● WHAT YOU HAVE TO DO
Starting with the line that has "Picture of Tropical" and finishing with the line that has "xx深圳中考语文试卷及标准答案(最新修正版)-精心整理", set down each line below exactly. Pictures are not copied.

● ENTRIES PROVIDED
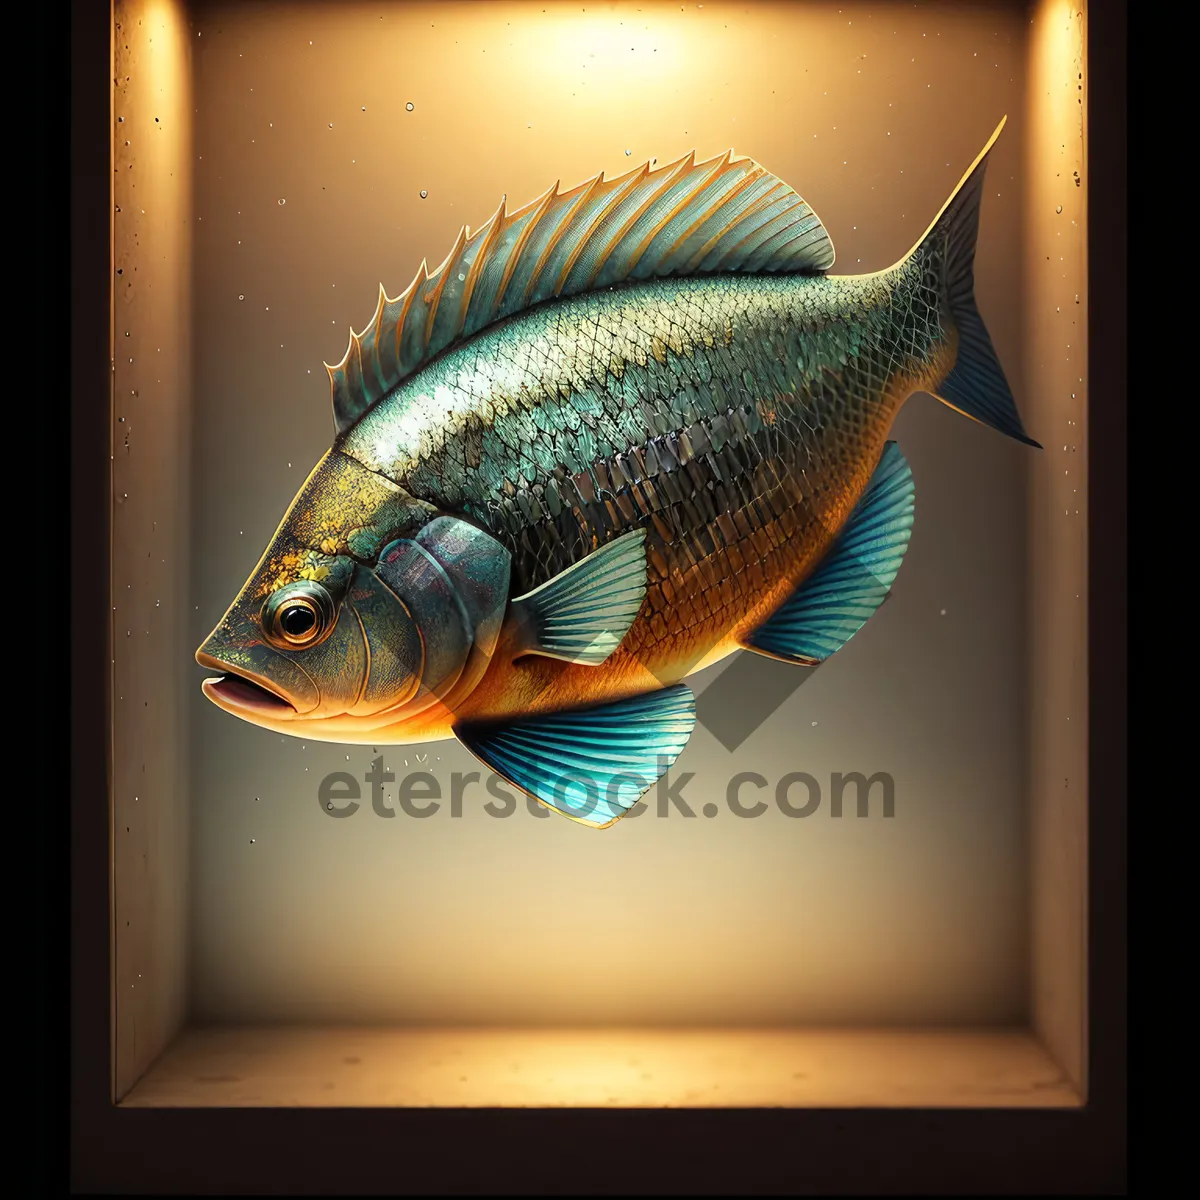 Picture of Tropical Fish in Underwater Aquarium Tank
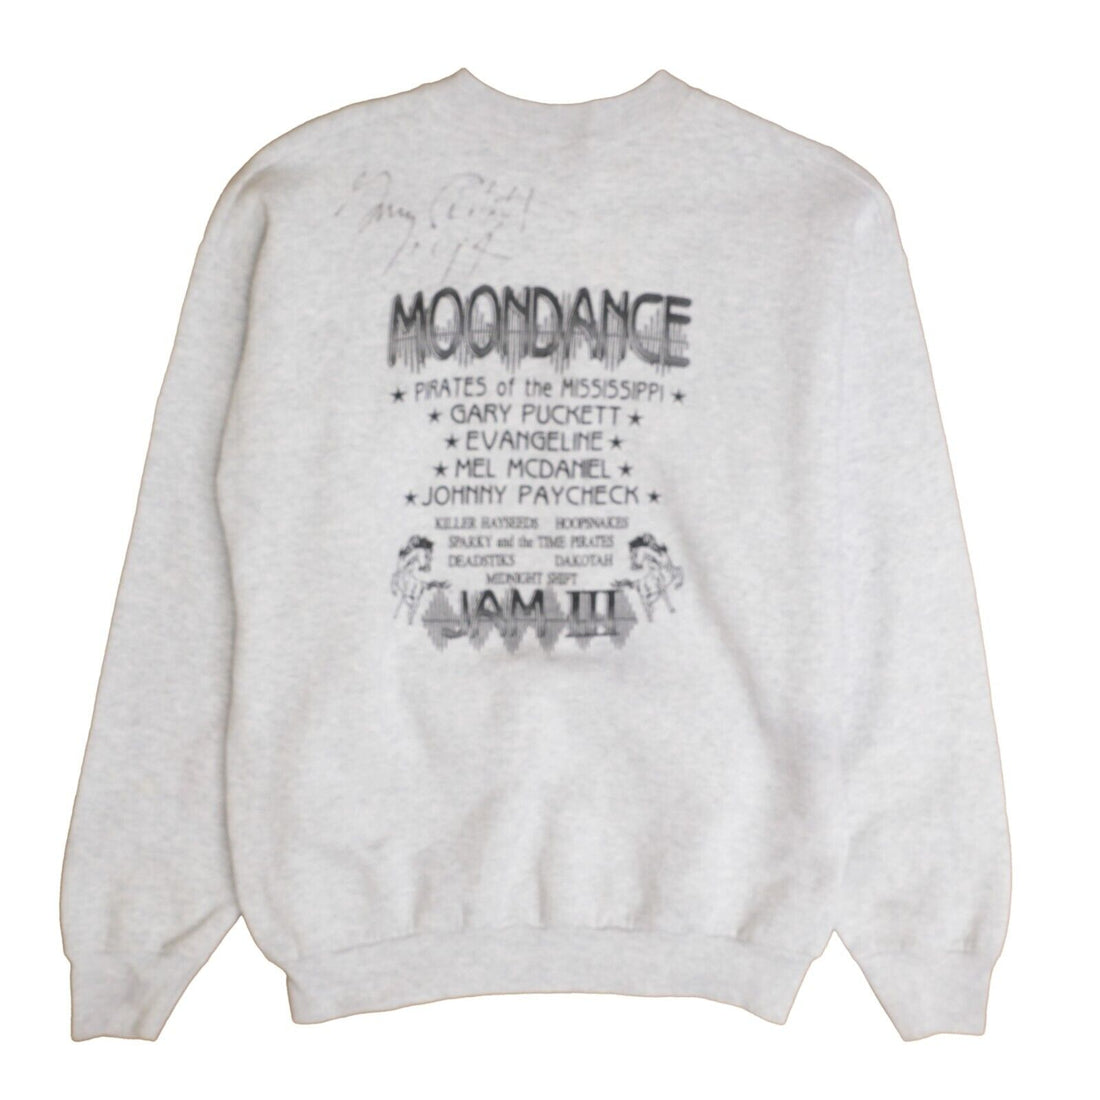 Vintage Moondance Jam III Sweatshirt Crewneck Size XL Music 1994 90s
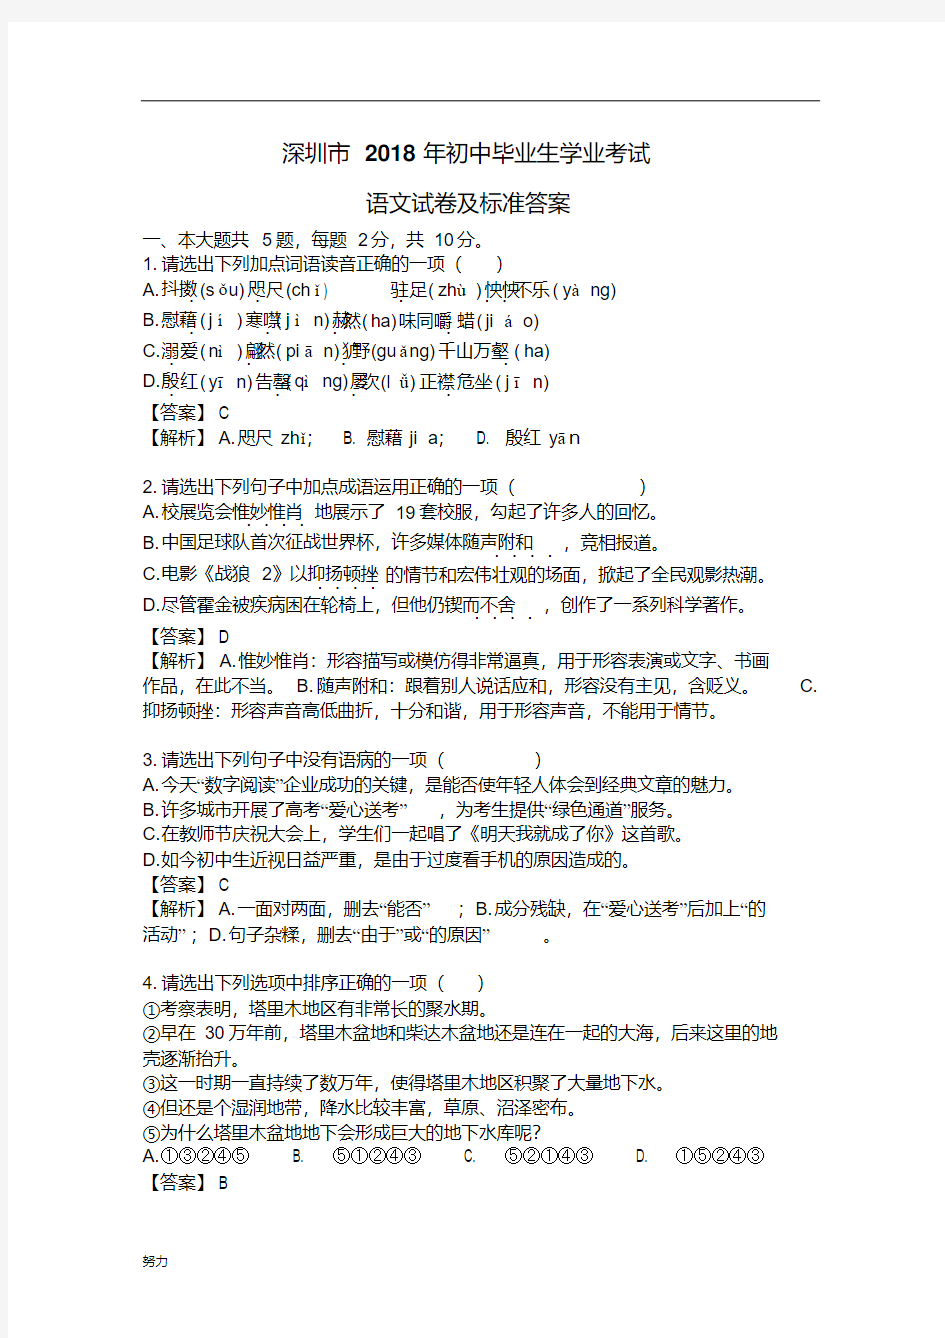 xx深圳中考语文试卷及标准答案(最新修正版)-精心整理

* * *

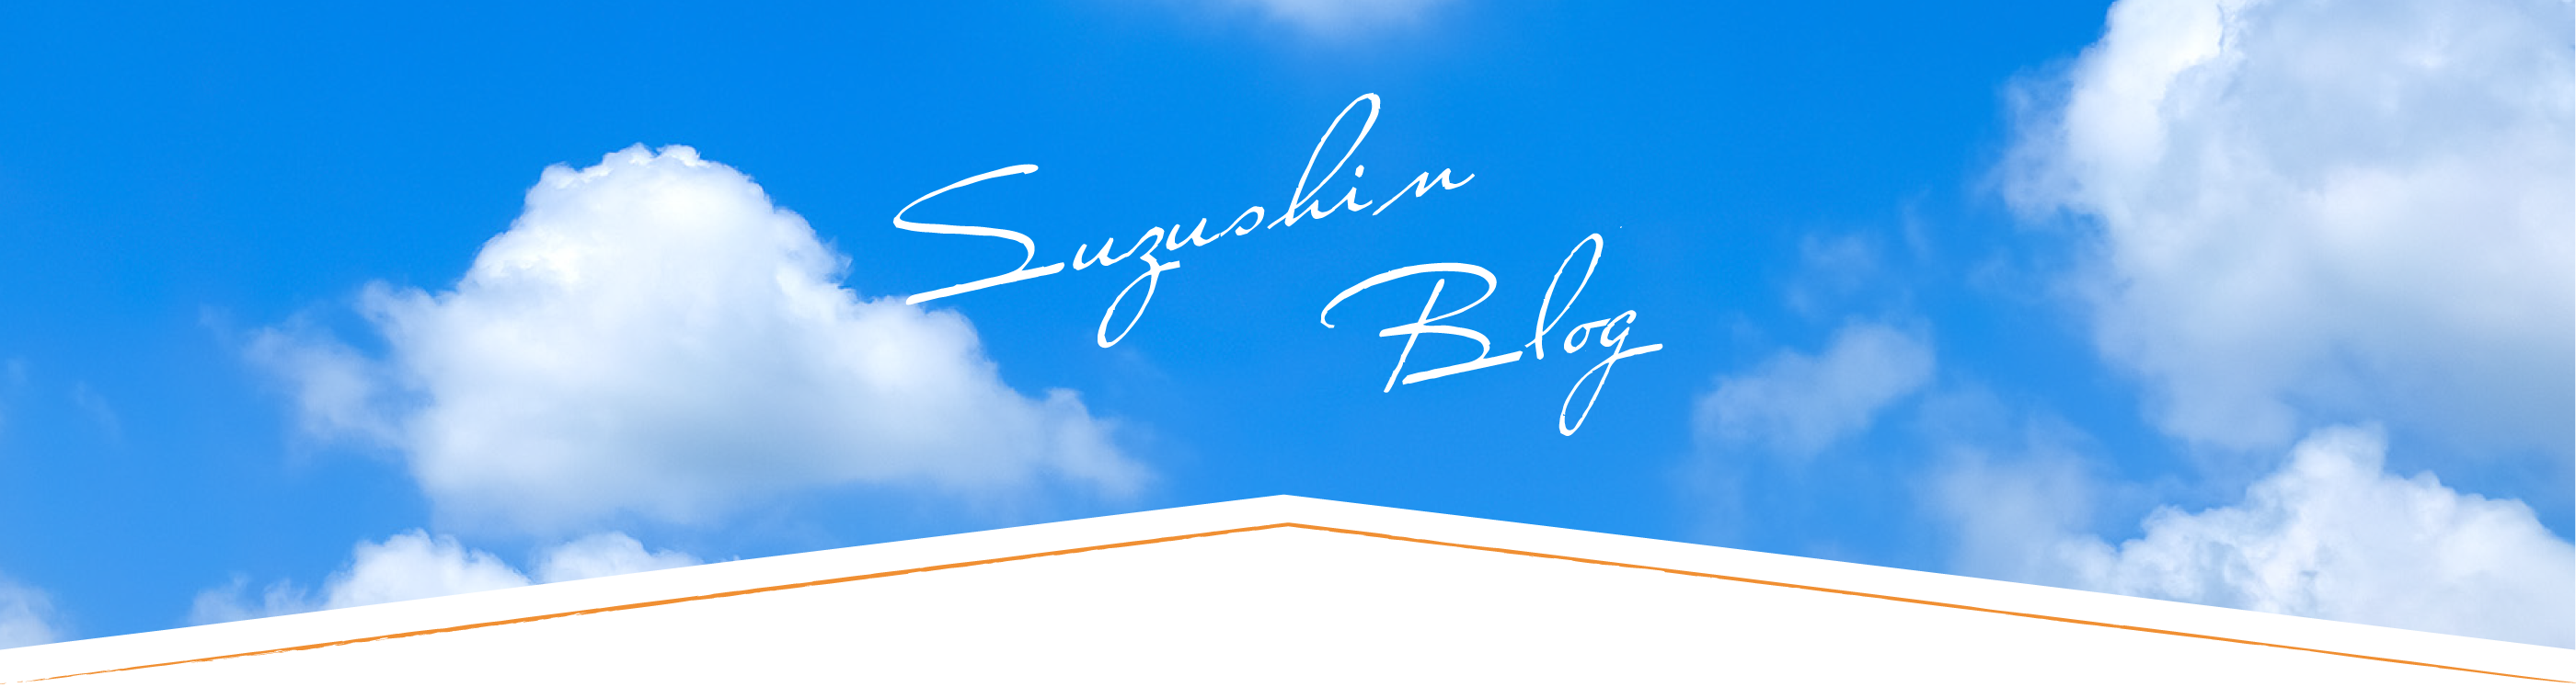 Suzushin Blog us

● PROBLEM SOLUTION
 Picture of Tropical Fish in Underwater Aquarium Tank
 Vintage Moondance Jam III Sweatshirt Crewneck Size XL Music 1994 90s
 xx深圳中考语文试卷及标准答案(最新修正版)-精心整理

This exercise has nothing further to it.